Karim Pakzad, of the French Institute of International and Strategic Relations, said some young women had “an almost romantic idea of war and warriors.

“There’s a certain fascination even with the head and throat-cutting. It’s an adventure.” Some may feel more respected and important than in their home countries, he added.

‘Easily manipulated’

But Shaista Gohir, of the UK Muslim Women’s Network, said little was known about the young women’s motivation or what happened to them after leaving home. “Some of these girls are very young and naive, they don’t understand the conflict or their faith, and they are easily manipulated. Some of them are taking young children with them; some may believe they are taking part in a humanitarian mission,” she said.

Social media plays a crucial role in recruiting young women to join Daesh in the Middle East, according to many experts.

Some British women and girls have posted pictures of themselves carrying AK-47s, grenades and in one case a severed head, as they pledge allegiance to Daesh. But they are also tweeting pictures of food, restaurants and sunsets to present a positive picture of the life awaiting young women in an attempt to lure more from the UK.

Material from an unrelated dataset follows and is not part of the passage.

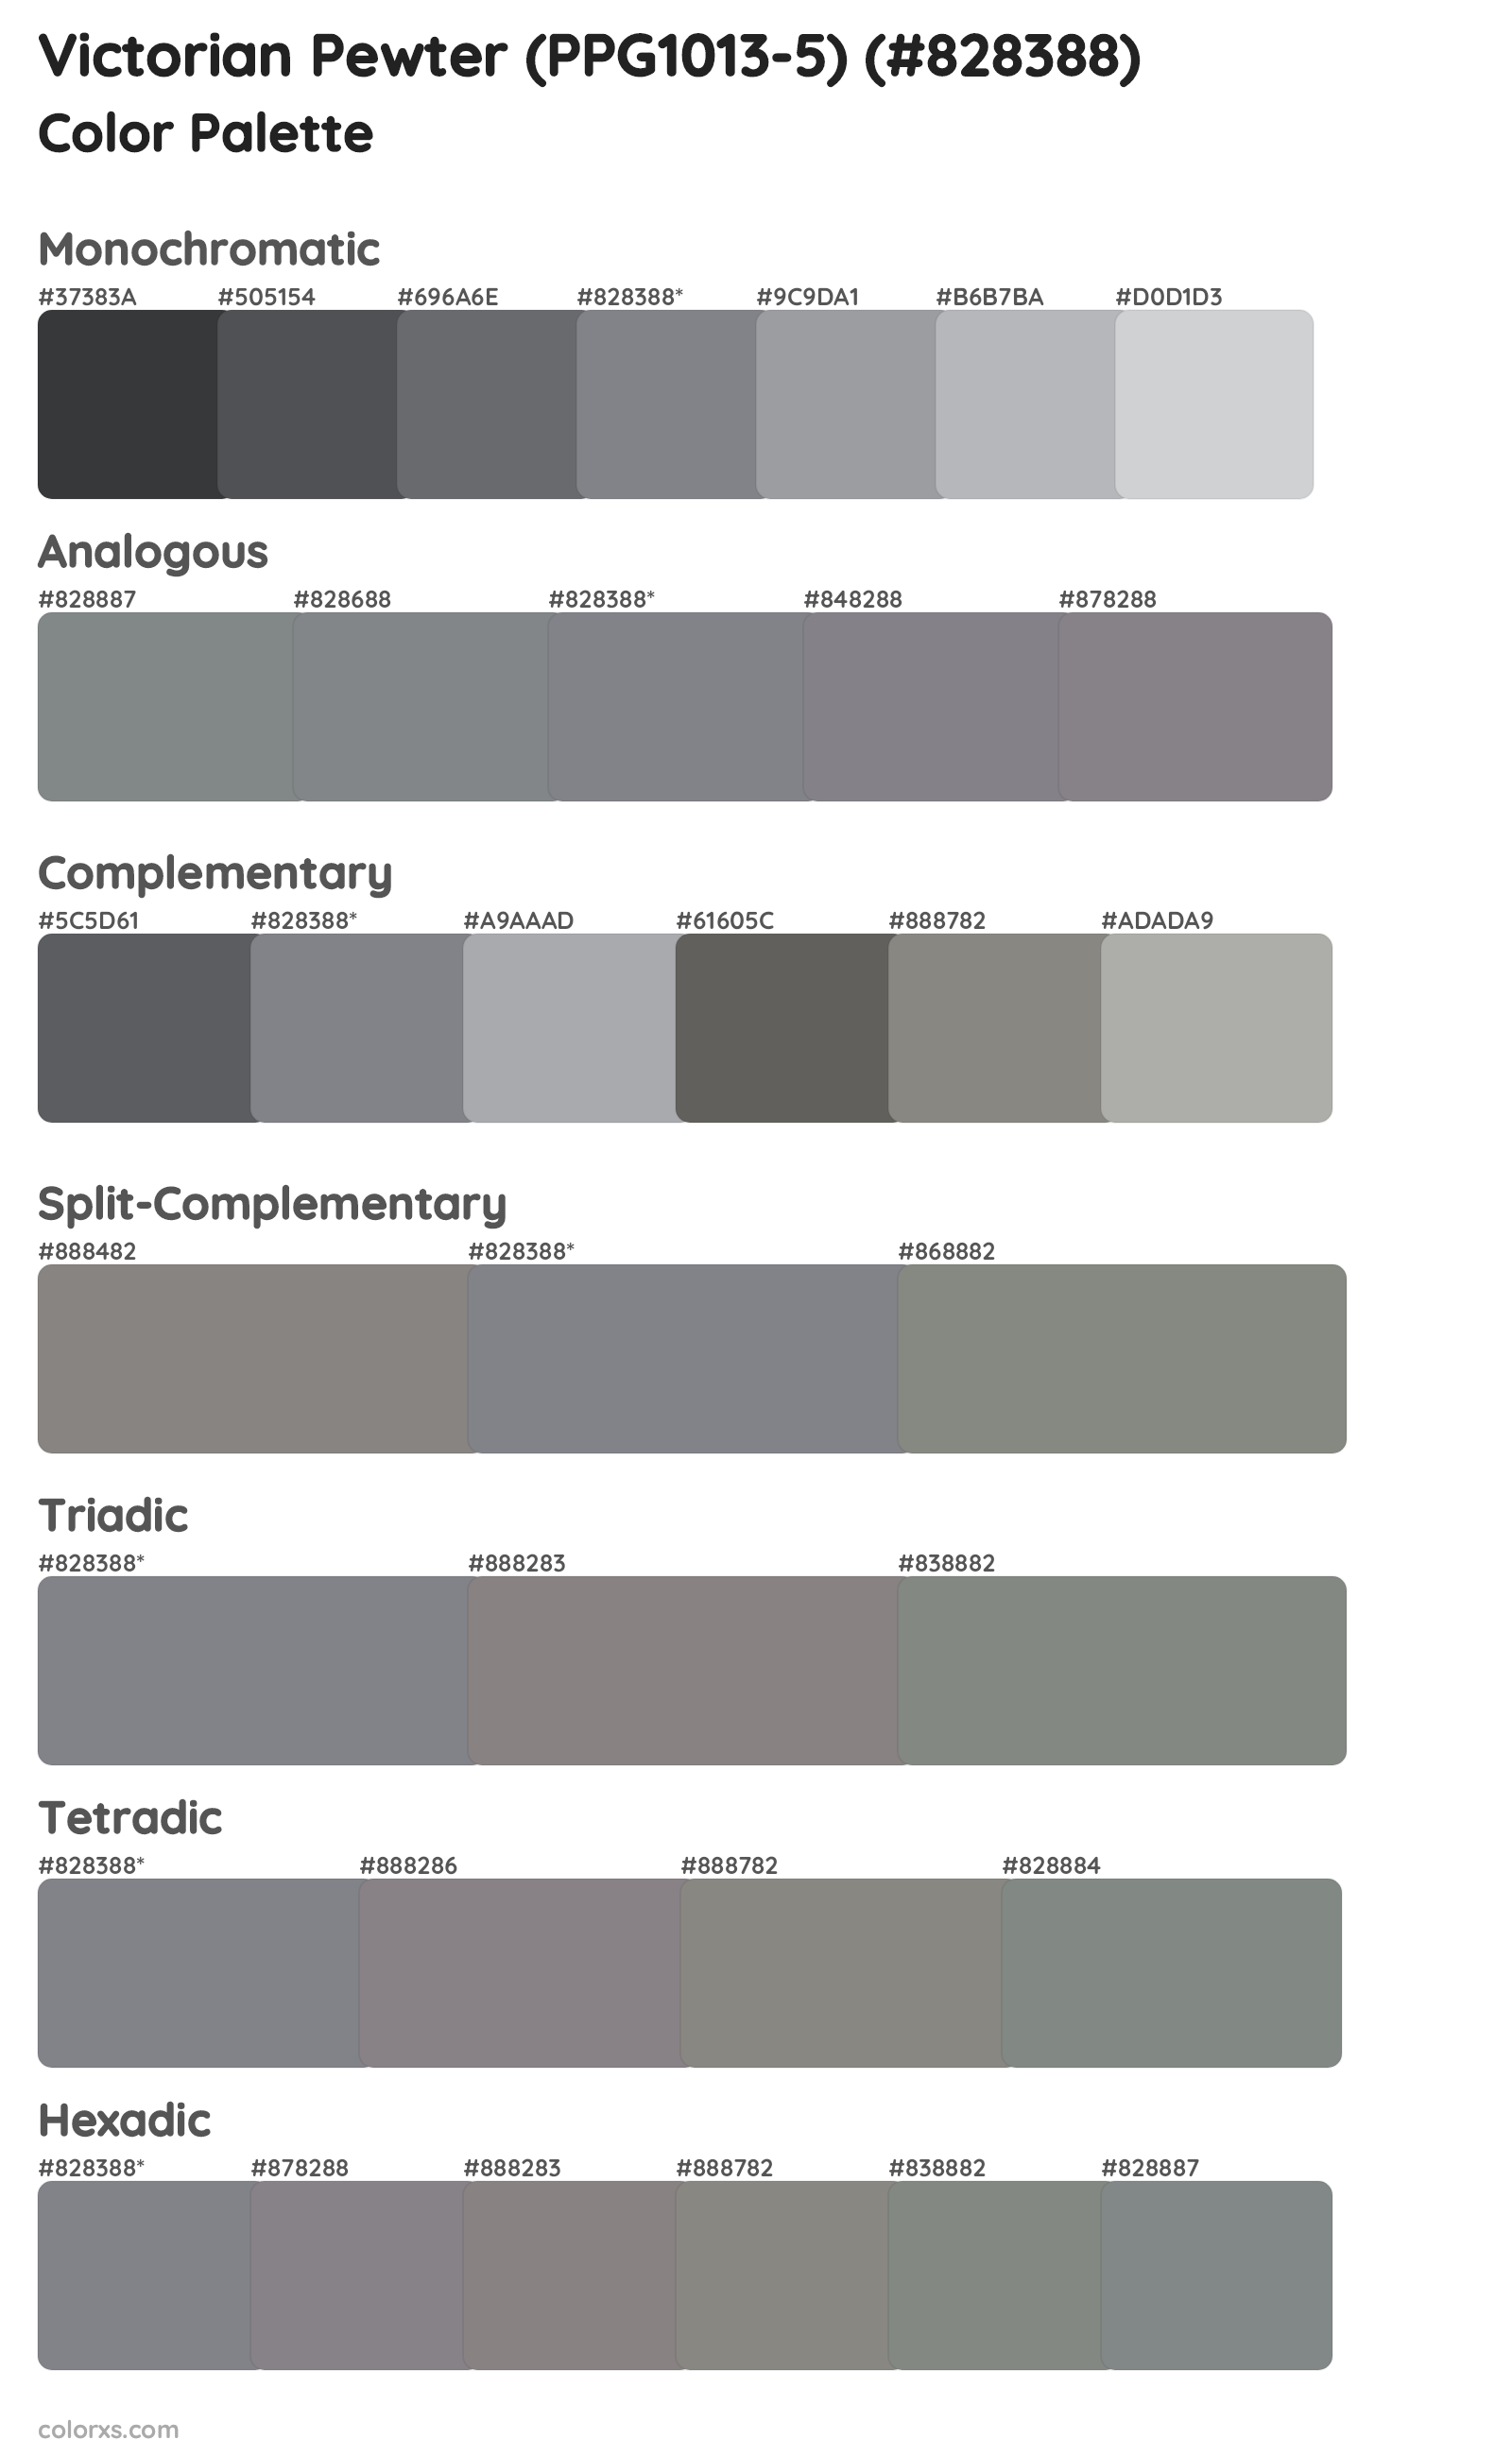 Victorian Pewter (PPG1013-5) Color Scheme Palettes

Mia Bloom, a security studies professor at Massachusetts University and author of Bombshell: Women and Terrorism, said the recruitment campaign painted a “Disney-like” picture of life in the caliphate. Some young women were offered financial incentives, such as travel expenses or compensation for bearing children.

Women already living amid Daesh fighters used social media adeptly to portray Syria as a utopia and to attract foreign women to join their “sisterhood in the caliphate”, she said. “The idea of living in the caliphate is a very positive and powerful one that these women hold dear to their heart.”

Sold into slavery

But the reality was very different, she said. Both Bloom and Rolf Tophoven, director of Germany’s Institute for Terrorism Research and Security Policy, said reports indicated that women had been raped, abused, sold into slavery or forced to marry. “[Daesh] is a strictly Islamist, brutal movement ... the power, the leadership structure, are clearly a male domain,” said Tophoven.

Messages between a British Daesh fighter in Syria and his common-law wife, read in a UK court last month, revealed that many fighters are taking several wives.

In an article in Foreign Policy focusing on Daesh’s attitudes to women, former CIA analysts Aki Peritz and Tara Maller said fighters were “committing horrific sexual violence on a seemingly industrial scale.

“For example, the United Nations last month estimated that [Daesh] has forced some 1,500 women, teenage girls and boys into sexual slavery. Amnesty International released a blistering document noting that [Daesh] abducts whole families in northern Iraq for sexual assault and worse.

“Even in the first few days following the fall of Mosul in June, women’s rights activists reported multiple incidents of [Daesh] fighters going door to door, kidnapping and raping Mosul’s women.”